### Input data:
-- Opening Marker --

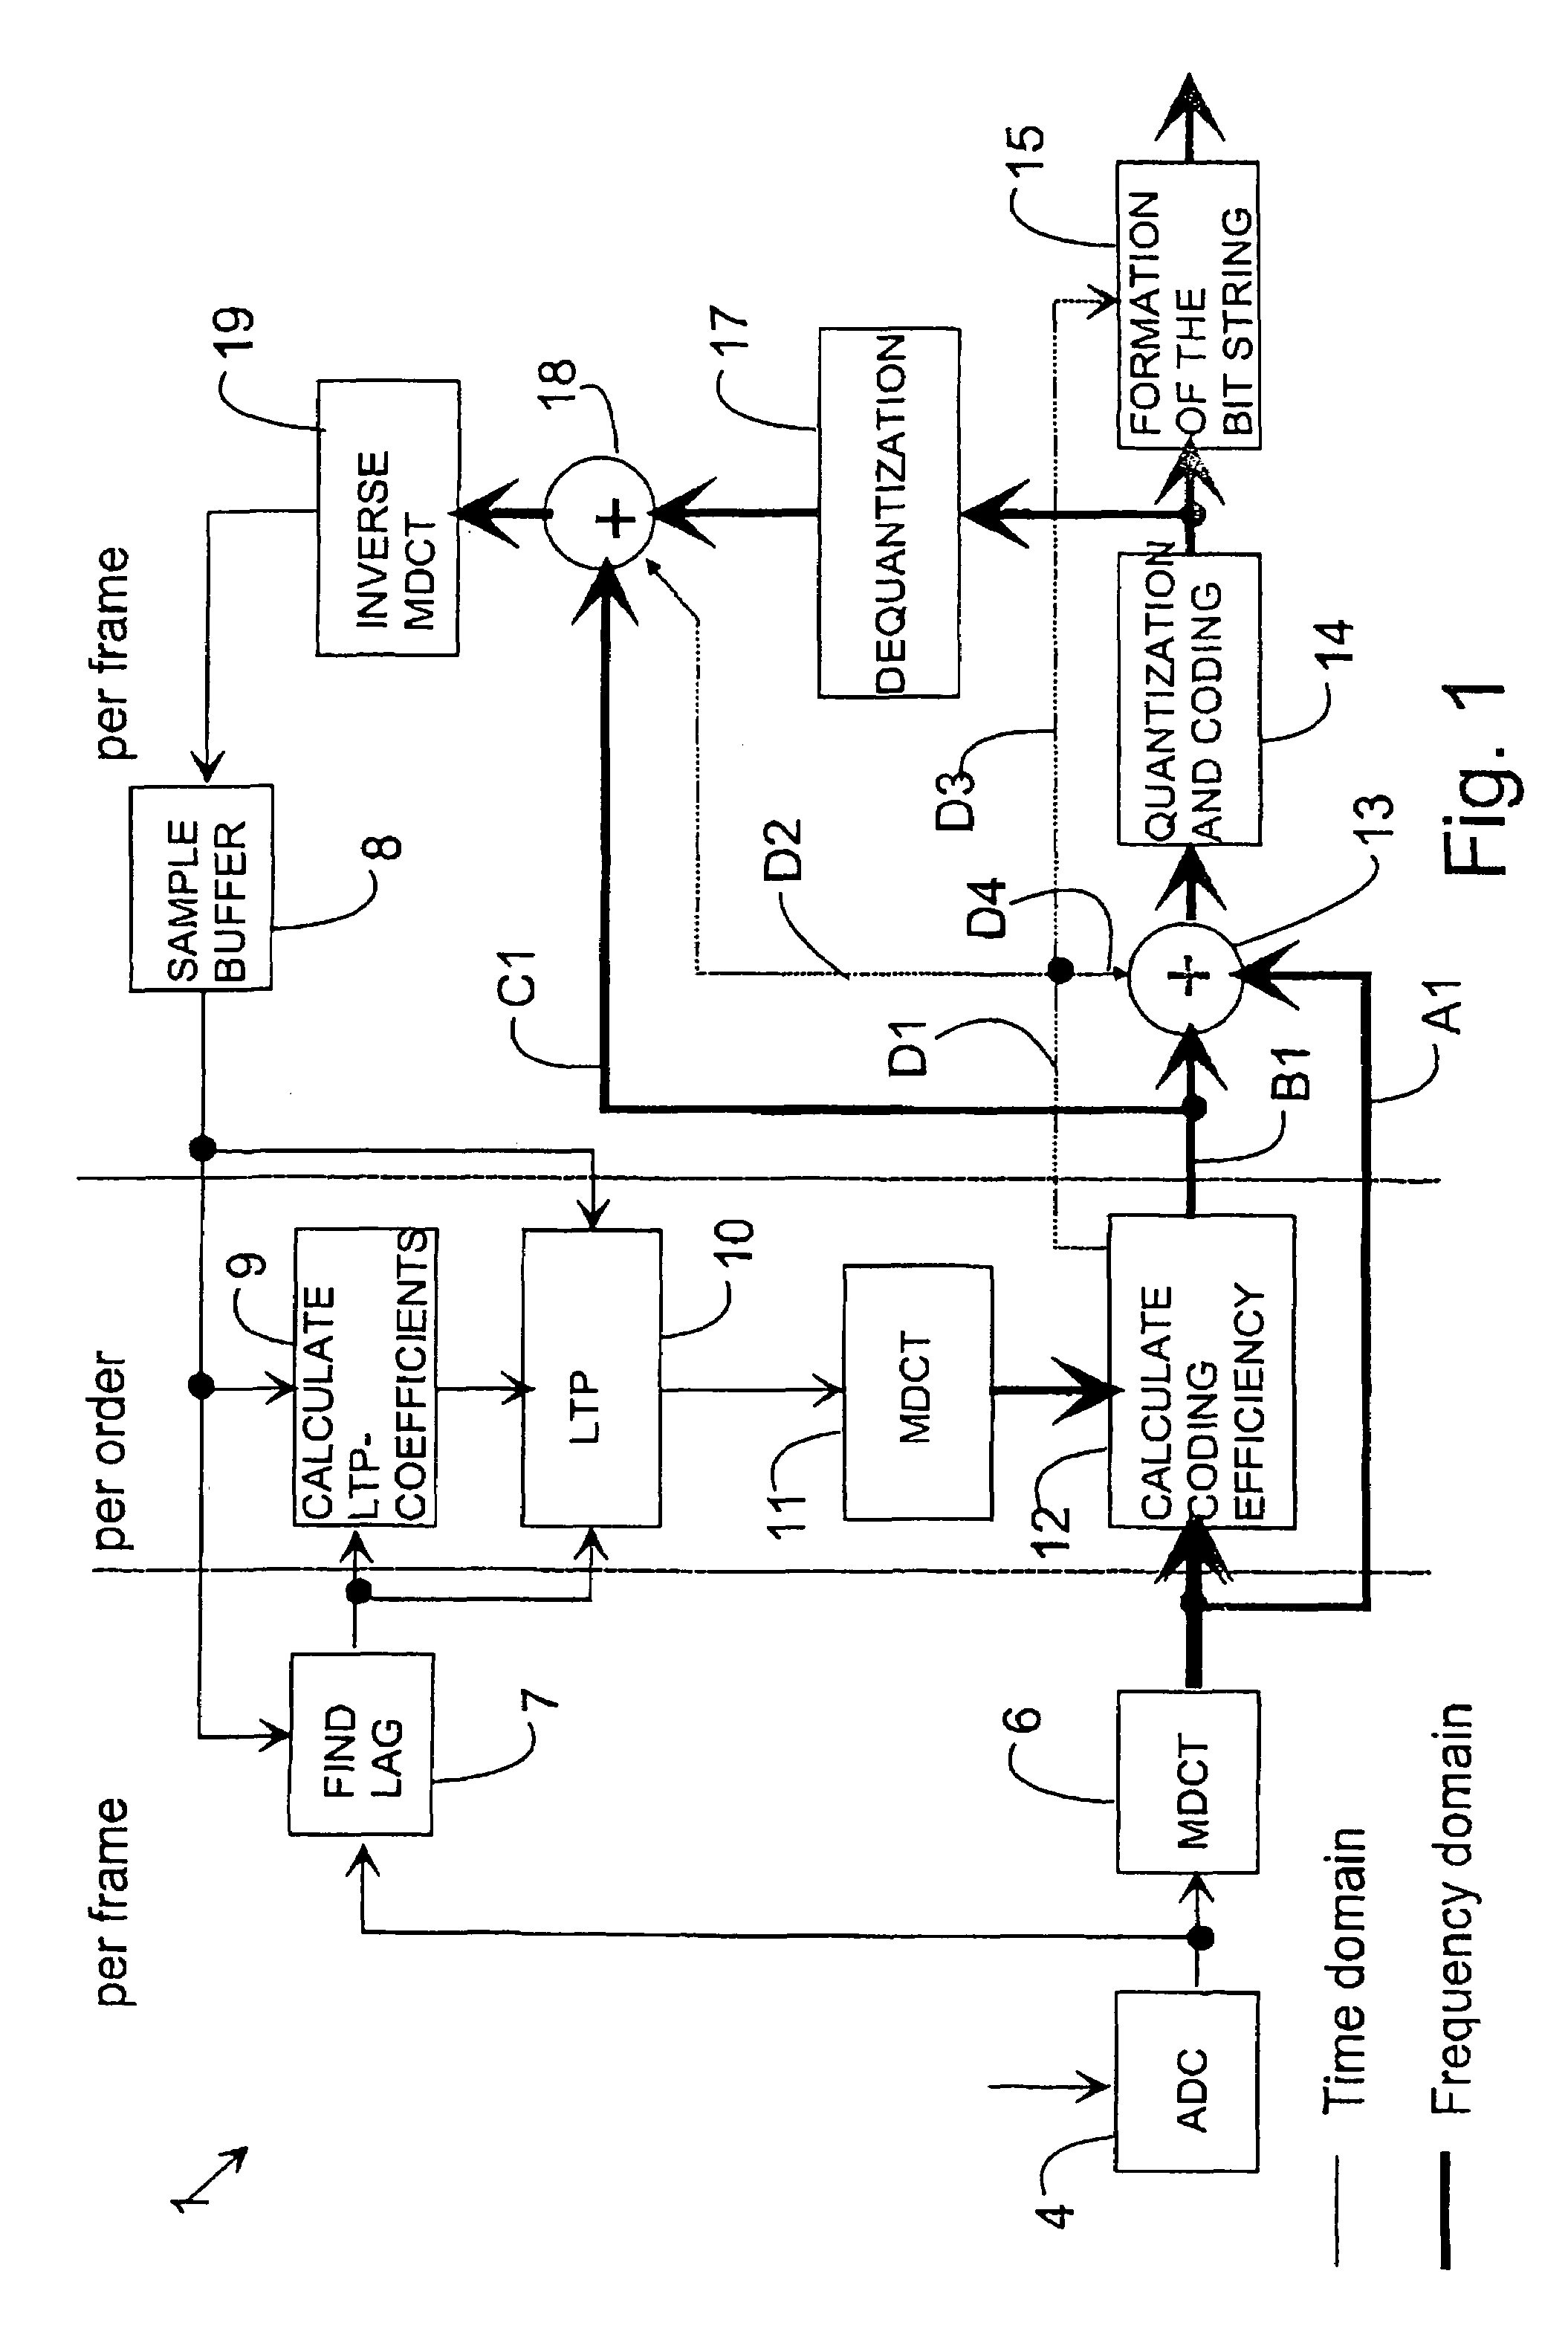 Method for improving the coding efficiency of an audio signal
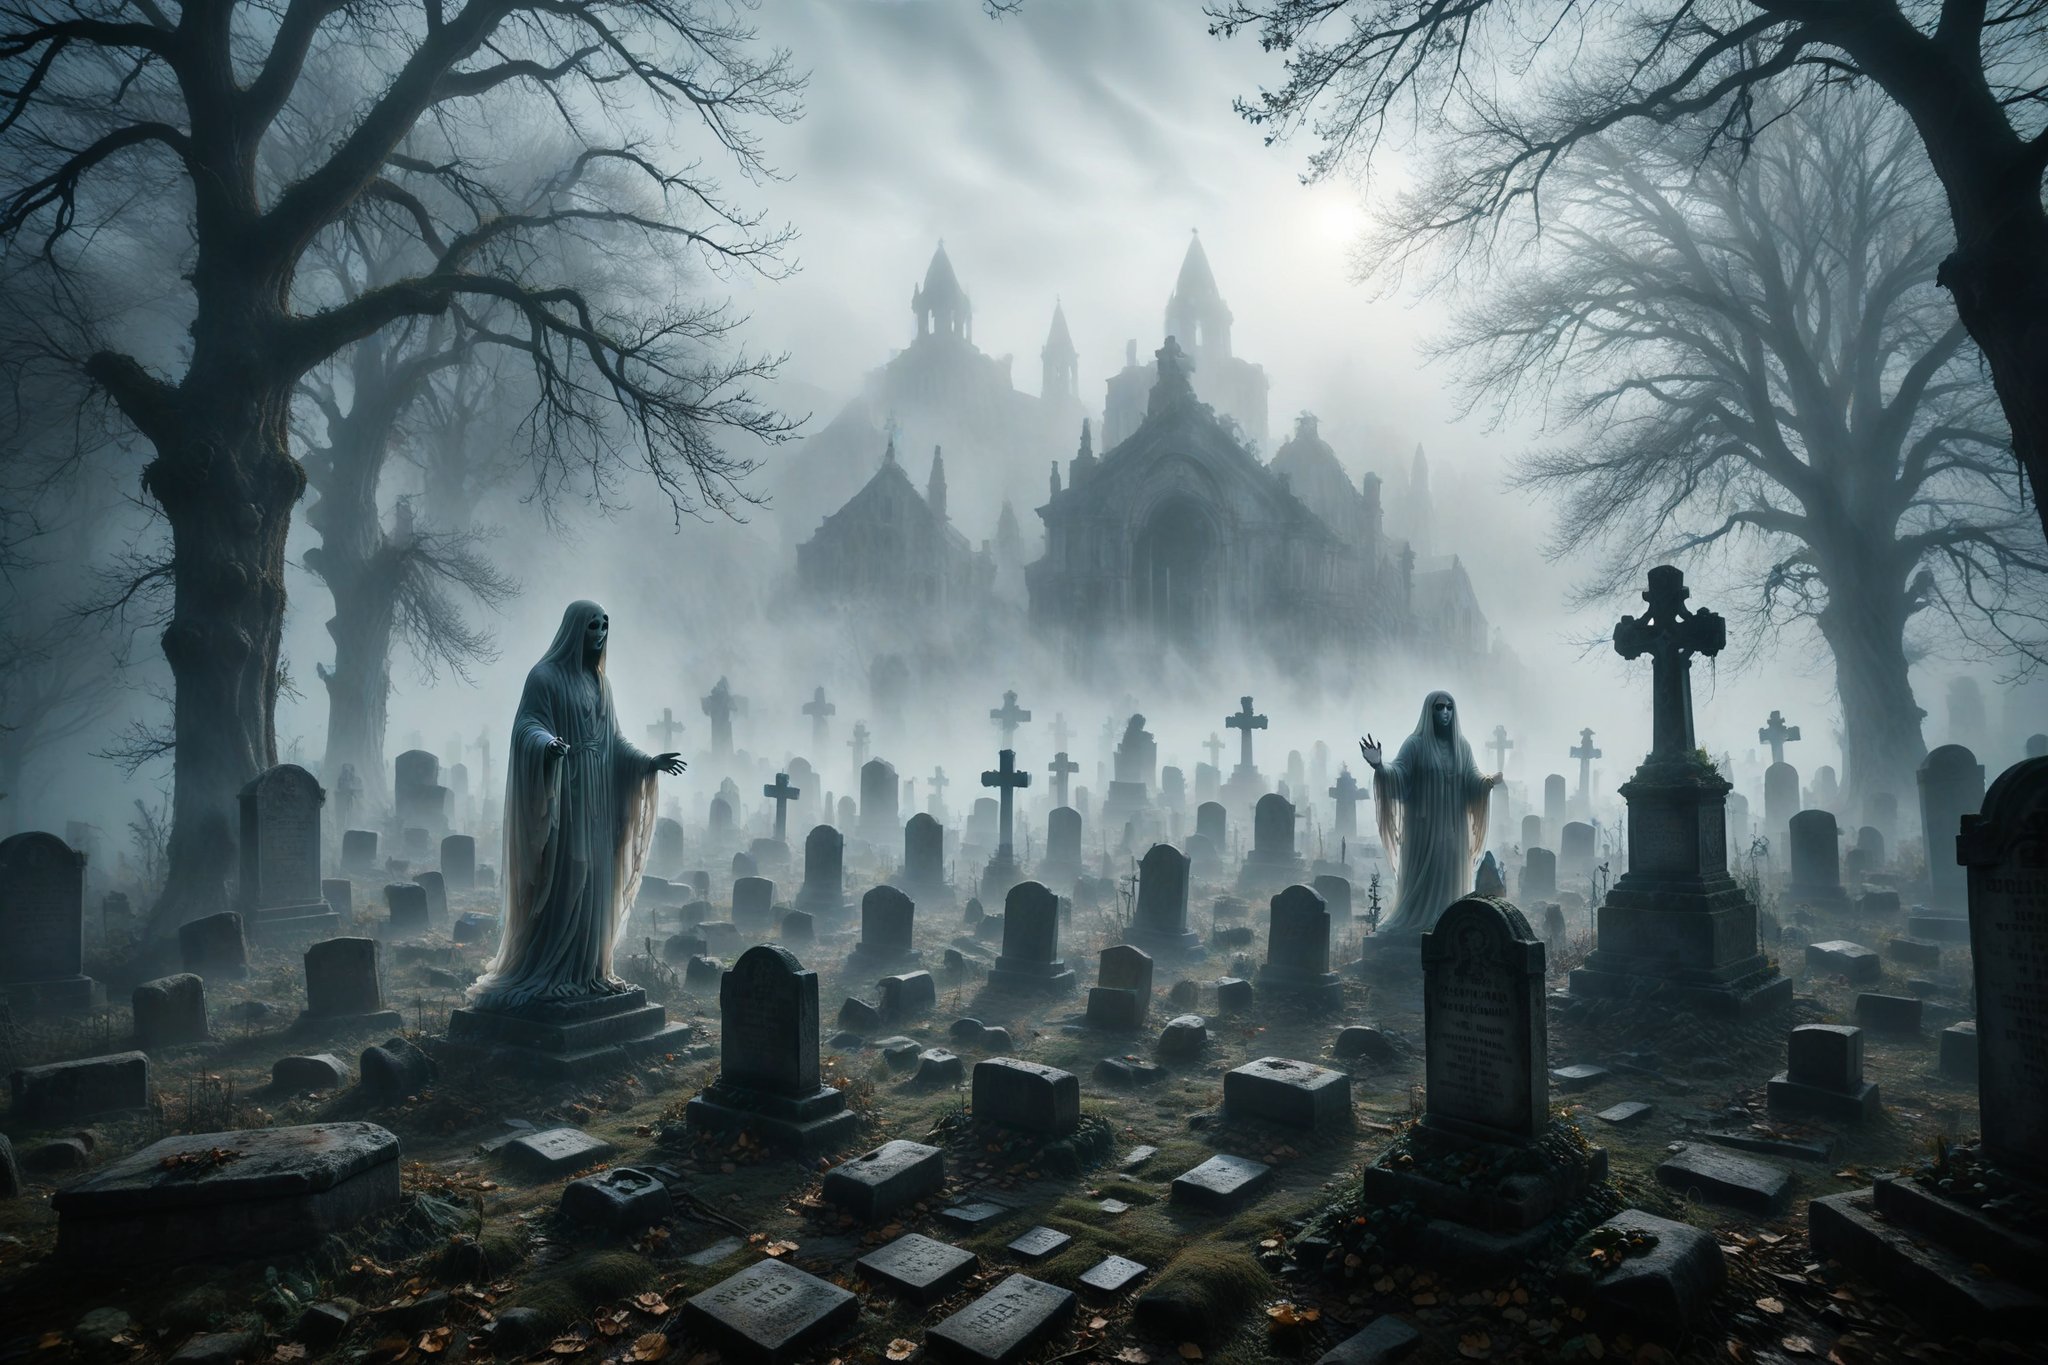 A translucent ghost drifting among ancient graves in a cemetery shrouded in thick fog.
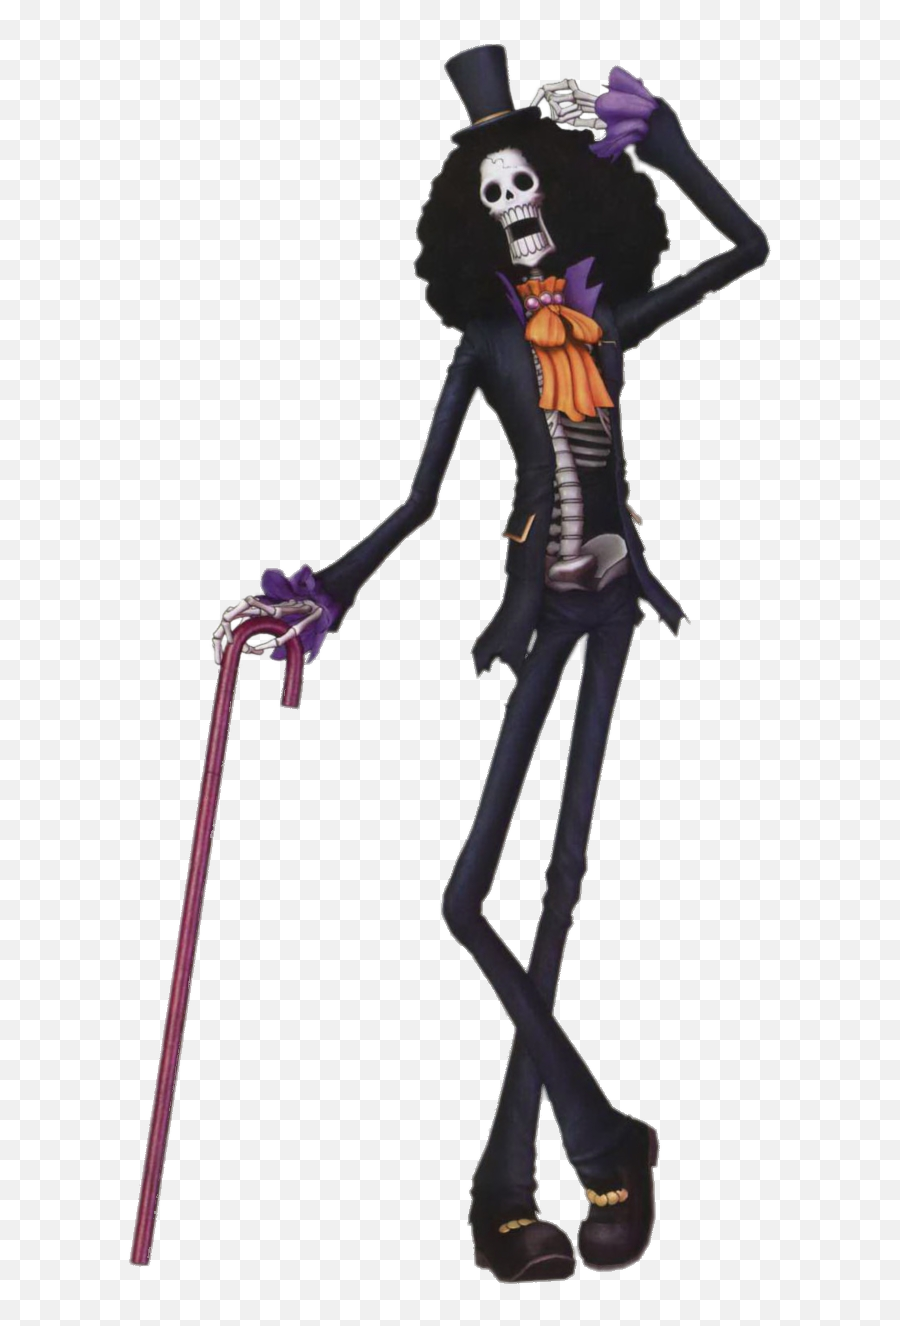 Piece Brook Holding Cane Png Image - Brook One Piece Png Emoji,Cane Png
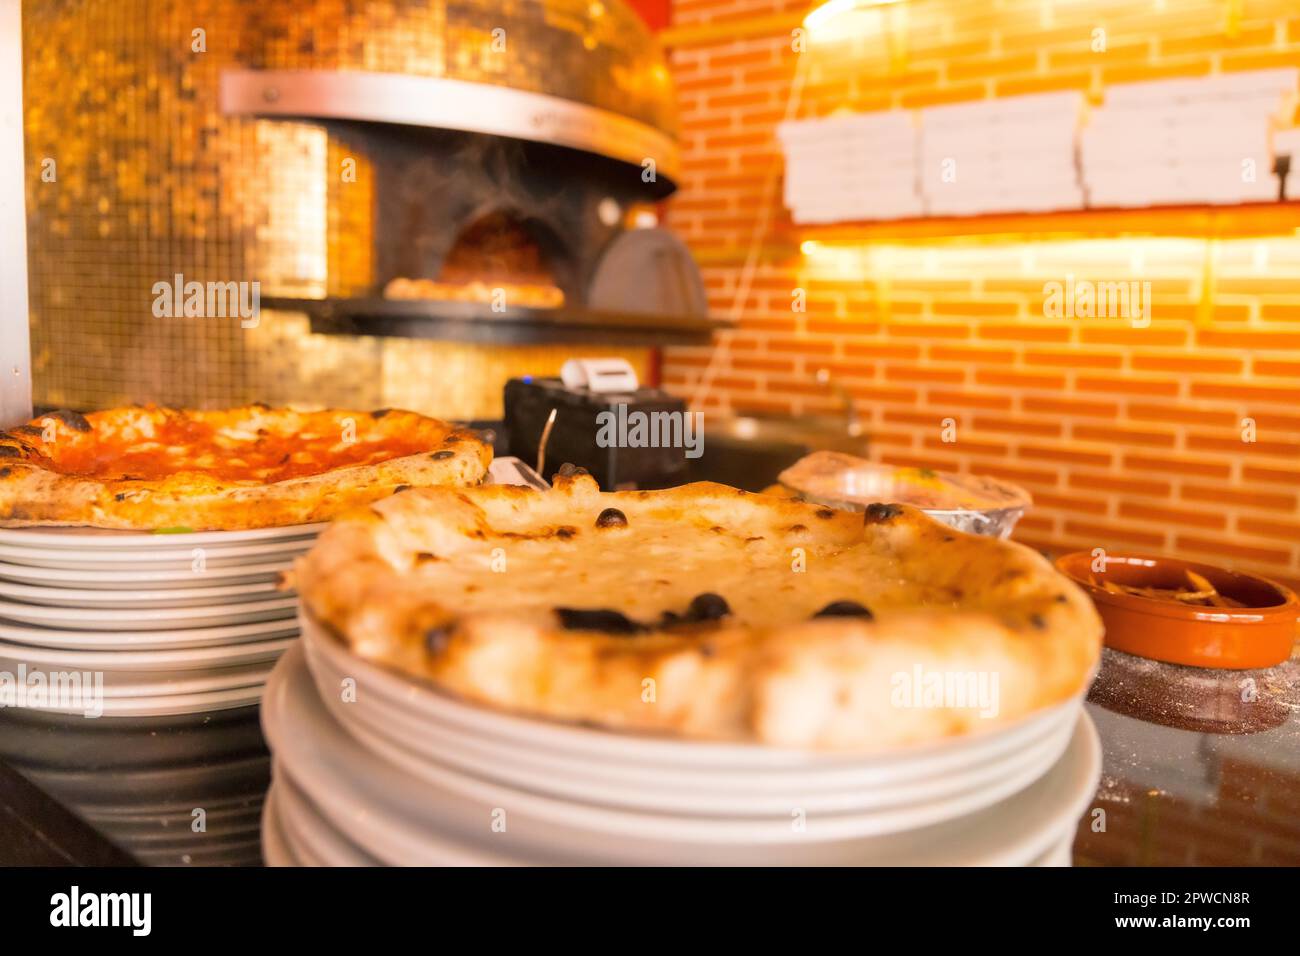 Artisan pizza oven. Freshly made pizza coming out of the oven, pizza hot and ready for customers Stock Photo

-- Closing Marker --

### Prompt:
Would you set down the material exactly as it stands, without the pictures?

### Expected output:
 Method for improving the coding efficiency of an audio signal
 A translucent ghost drifting among ancient graves in a cemetery shrouded in thick fog.
 Piece Brook Holding Cane Png Image - Brook One Piece Png Emoji,Cane Png
 Artisan pizza oven. Freshly made pizza coming out of the oven, pizza hot and ready for customers Stock Photo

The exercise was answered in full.